Shifting the focus from the present to the future involves mental time travel, which has been defined as the ability to mentally project oneself in time either backwards in order to re-live past events or forward to pre-live upcoming events [2]. Even though the phenomenon of mentally reliving past events has received substantial scientific attention [3], there is now a large and growing body of research on future thinking, and in particular on episodic future thinking, namely the ability to imagine oneself vividly in a specific future event [46]. Extensive research has examined the functions of episodic future thinking in relation to domains such as emotion regulation, intention formation, and planning [710].

Evolutionary considerations also argue that mental time travel may guide decision-making and lead to cooperative behaviors by bypassing opportunistic motivation, impulsive choices, and the effects of time discounting [11]. In particular, it has been suggested that episodic future thinking might foster prosocial intentions as well as behaviors [12]. Several studies have provided evidence establishing the link between episodic future thinking and prosocial intentions.
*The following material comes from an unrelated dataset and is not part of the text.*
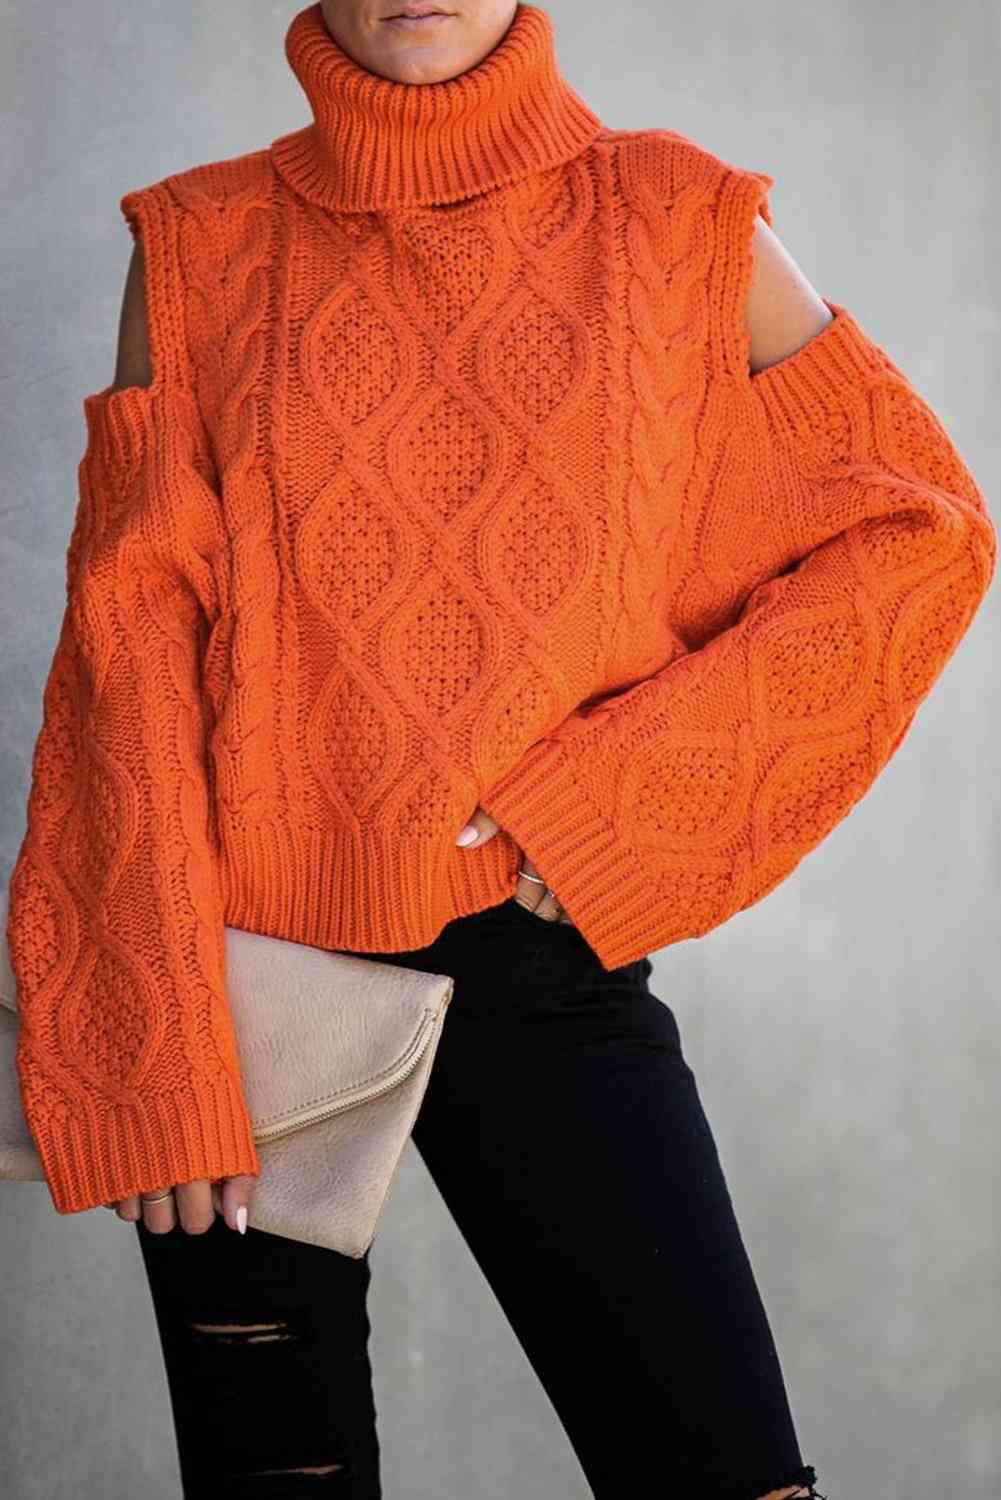 Pulover, džemper sa teksturom hladnih ramena

More specifically, participants who were asked to imagine themselves helping a person in need expressed more willingness to help this person [1315]. Furthermore, a recent study has demonstrated that episodic mental simulation (without any temporal locations) of helping events decreased intergroup bias (between Democrats and Republicans), both in the willingness to help and in actual behavior [16]. Similarly, participants who were instructed to adopt a future-oriented perspective (vs. present-oriented perspective) on an interpersonal conflict experienced lower levels of blame toward the partner, more forgiveness, and greater insight [17]. Other researchers have studied other kinds of mental simulations, such as imagined contact, the mental representation of a social interaction with outgroup members, and their beneficial impacts on intergroup relations [18, 19]. Indeed, detailed mental simulation of a positive interaction increased positive intentions to engage in outgroup contact [20].

However, the aforementioned studies [1317, 20] presented a major limitation as the content of the mental simulations was directly related to the outcomes measured. As a result, it might be difficult to disentangle whether the beneficial effect of these mental simulations arose from their future orientation or might be explained by other processes such as implementation intentions. Implementation intentions are defined as mental representations linking intention to behaviors: They usually include not only a specific action that someone wants to achieve but also the context in which this action will be performed [21]. Previous research has shown that implementation intentions facilitate the execution of the action and their effectiveness is increased when it is combined with mental imagery [2225]. Consequently, as mental simulations in previous studies were specific and related to the prosocial behavior measured afterward, implementation intentions may have driven the effect on prosocial behavior.

So far only one study tested the impact of future thinking on altruism using a situation-independent induction of future episodic thinking. In this study, participants who were previously primed to think about the future exhibited a reduction on social discounting compared to those engaged in present thinking [26]. Even though this study provides initial evidence regarding an association between episodic future thinking and prosocial behaviors, the results from this study might suffer from social desirability as the social discounting task was an explicit measure of prosocial behaviors. Future studies in this field may benefit from adopting behavioral tasks to assess prosociality that reduce demand effects, such as the Zurich Prosocial Game (ZPG) [27]. In addition, previous work has mainly focused on the episodic nature of the future thinking (i.e., mental simulation of specific events) and how it relates to prosocial behaviors. Thus, it remains to be tested whether future thinking in general has a causal influence on prosocial behavior.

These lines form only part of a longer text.